[[ Available data, beginning ]]

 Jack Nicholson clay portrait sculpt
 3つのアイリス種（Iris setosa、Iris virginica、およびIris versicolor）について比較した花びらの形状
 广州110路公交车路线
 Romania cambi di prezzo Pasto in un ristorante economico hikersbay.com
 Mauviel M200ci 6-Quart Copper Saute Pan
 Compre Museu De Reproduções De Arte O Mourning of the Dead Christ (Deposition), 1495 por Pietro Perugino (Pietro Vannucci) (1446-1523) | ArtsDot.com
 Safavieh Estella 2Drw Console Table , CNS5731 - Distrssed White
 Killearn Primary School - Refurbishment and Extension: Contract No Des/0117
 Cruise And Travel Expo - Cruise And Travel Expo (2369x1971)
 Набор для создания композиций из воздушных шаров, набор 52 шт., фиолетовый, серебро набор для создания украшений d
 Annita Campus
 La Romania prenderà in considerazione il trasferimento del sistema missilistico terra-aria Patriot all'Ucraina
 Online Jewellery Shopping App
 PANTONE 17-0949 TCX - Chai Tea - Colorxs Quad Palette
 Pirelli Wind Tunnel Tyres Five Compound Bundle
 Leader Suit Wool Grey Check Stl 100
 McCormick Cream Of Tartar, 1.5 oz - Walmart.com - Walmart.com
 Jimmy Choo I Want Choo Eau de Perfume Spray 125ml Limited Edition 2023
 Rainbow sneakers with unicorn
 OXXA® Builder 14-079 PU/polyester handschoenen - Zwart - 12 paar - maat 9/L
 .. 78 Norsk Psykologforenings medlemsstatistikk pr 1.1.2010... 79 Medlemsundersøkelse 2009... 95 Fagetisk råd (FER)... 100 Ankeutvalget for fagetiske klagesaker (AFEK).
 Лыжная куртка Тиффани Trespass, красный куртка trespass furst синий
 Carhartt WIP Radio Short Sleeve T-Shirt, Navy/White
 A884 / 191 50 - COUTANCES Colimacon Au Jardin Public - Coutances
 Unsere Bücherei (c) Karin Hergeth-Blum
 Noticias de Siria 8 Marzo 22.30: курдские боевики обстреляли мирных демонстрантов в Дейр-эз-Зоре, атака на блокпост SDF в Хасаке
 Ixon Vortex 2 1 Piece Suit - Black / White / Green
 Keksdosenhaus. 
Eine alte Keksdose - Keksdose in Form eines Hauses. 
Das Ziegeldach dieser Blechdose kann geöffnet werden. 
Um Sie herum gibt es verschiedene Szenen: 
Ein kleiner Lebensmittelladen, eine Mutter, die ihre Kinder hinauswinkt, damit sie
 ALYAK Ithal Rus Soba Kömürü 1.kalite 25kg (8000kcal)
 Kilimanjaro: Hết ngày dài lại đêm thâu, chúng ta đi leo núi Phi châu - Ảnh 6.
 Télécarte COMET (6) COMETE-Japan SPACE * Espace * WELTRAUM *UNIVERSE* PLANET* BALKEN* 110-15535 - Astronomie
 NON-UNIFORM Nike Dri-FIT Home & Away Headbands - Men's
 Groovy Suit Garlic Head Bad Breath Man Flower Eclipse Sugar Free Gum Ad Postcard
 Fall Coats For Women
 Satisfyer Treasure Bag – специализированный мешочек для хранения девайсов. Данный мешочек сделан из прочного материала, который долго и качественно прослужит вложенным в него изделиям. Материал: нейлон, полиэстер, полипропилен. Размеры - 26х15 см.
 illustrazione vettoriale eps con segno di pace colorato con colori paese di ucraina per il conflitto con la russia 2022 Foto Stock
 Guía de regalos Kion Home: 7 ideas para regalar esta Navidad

[[ Available data, end ]]

Problem details: Begin at the line above that has "Romania cambi di" and stop after the line that has "A884 / 191 50", copying each line exactly and adding nothing else.

Output of the exercise:
 Romania cambi di prezzo Pasto in un ristorante economico hikersbay.com
 Mauviel M200ci 6-Quart Copper Saute Pan
 Compre Museu De Reproduções De Arte O Mourning of the Dead Christ (Deposition), 1495 por Pietro Perugino (Pietro Vannucci) (1446-1523) | ArtsDot.com
 Safavieh Estella 2Drw Console Table , CNS5731 - Distrssed White
 Killearn Primary School - Refurbishment and Extension: Contract No Des/0117
 Cruise And Travel Expo - Cruise And Travel Expo (2369x1971)
 Набор для создания композиций из воздушных шаров, набор 52 шт., фиолетовый, серебро набор для создания украшений d
 Annita Campus
 La Romania prenderà in considerazione il trasferimento del sistema missilistico terra-aria Patriot all'Ucraina
 Online Jewellery Shopping App
 PANTONE 17-0949 TCX - Chai Tea - Colorxs Quad Palette
 Pirelli Wind Tunnel Tyres Five Compound Bundle
 Leader Suit Wool Grey Check Stl 100
 McCormick Cream Of Tartar, 1.5 oz - Walmart.com - Walmart.com
 Jimmy Choo I Want Choo Eau de Perfume Spray 125ml Limited Edition 2023
 Rainbow sneakers with unicorn
 OXXA® Builder 14-079 PU/polyester handschoenen - Zwart - 12 paar - maat 9/L
 .. 78 Norsk Psykologforenings medlemsstatistikk pr 1.1.2010... 79 Medlemsundersøkelse 2009... 95 Fagetisk råd (FER)... 100 Ankeutvalget for fagetiske klagesaker (AFEK).
 Лыжная куртка Тиффани Trespass, красный куртка trespass furst синий
 Carhartt WIP Radio Short Sleeve T-Shirt, Navy/White
 A884 / 191 50 - COUTANCES Colimacon Au Jardin Public - Coutances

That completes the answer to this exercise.